Another feature that I have used for this problem is the “Dependency Parse Tree”. This is marginally improving the accuracy of the model by 5%. Here, I have used Spacy tree parsing as it is has a rich API for navigating through the tree.(另一个我用的新特征是依存句法分析树。这能提升模型准确度5%。这里，我使用Spacy的树分析，因为它对于树导向有丰富的API。)

Relations among the words are illustrated above the sentence with directed, labeled arcs from heads to dependents.
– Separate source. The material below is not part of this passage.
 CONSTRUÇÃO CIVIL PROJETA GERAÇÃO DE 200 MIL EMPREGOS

We call this a Typed Dependency structure because the labels are drawn from a fixed inventory of grammatical relations. It also includes a root node that explicitly marks the root of the tree, the head of the entire structure. (字词之间的关系在句子中用指向的、标记的弧从头到从属关系来说明。我们称这是一种类型化的依赖结构，因为标签是从固定的语法关系清单中提取出来的。它还包括根节点，该根节点显式地标记树的根、整个结构的头部。)
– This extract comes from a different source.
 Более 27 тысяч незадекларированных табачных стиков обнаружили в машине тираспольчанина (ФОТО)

The idea is to match the root of the question which is “appear” in this case to all the roots/sub-roots of the sentence. Since there are multiple verbs in a sentence, we can get multiple roots. If the root of the question is contained in the roots of the sentence, then there are higher chances that the question is answered by that sentence. Considering that in mind, I have created one feature for each sentence whose value is either 1 or 0. Here, 1 represents that the root of question is contained in the sentence roots and 0 otherwise. (思路是匹配问题的根和出现在句子中的所有根与子根。因为一个句子中含有大量的单词，所以一个句子有大量的根。如果问题的根包含在句子的根中，那极有可能问题的答案在该句子中。考虑到这点，我为每一个句子创建了一个特征，值为1或0。这里，1代表问题的根包含在句子中，否则为0。)

we have 20 features in total combining cosine distance and root match for 10 sentences in a paragraph. The target variable ranges from 0 to 9. (我们有20个特征结合段落中10个句子的余弦相似度和根匹配。标签值为从0到9。)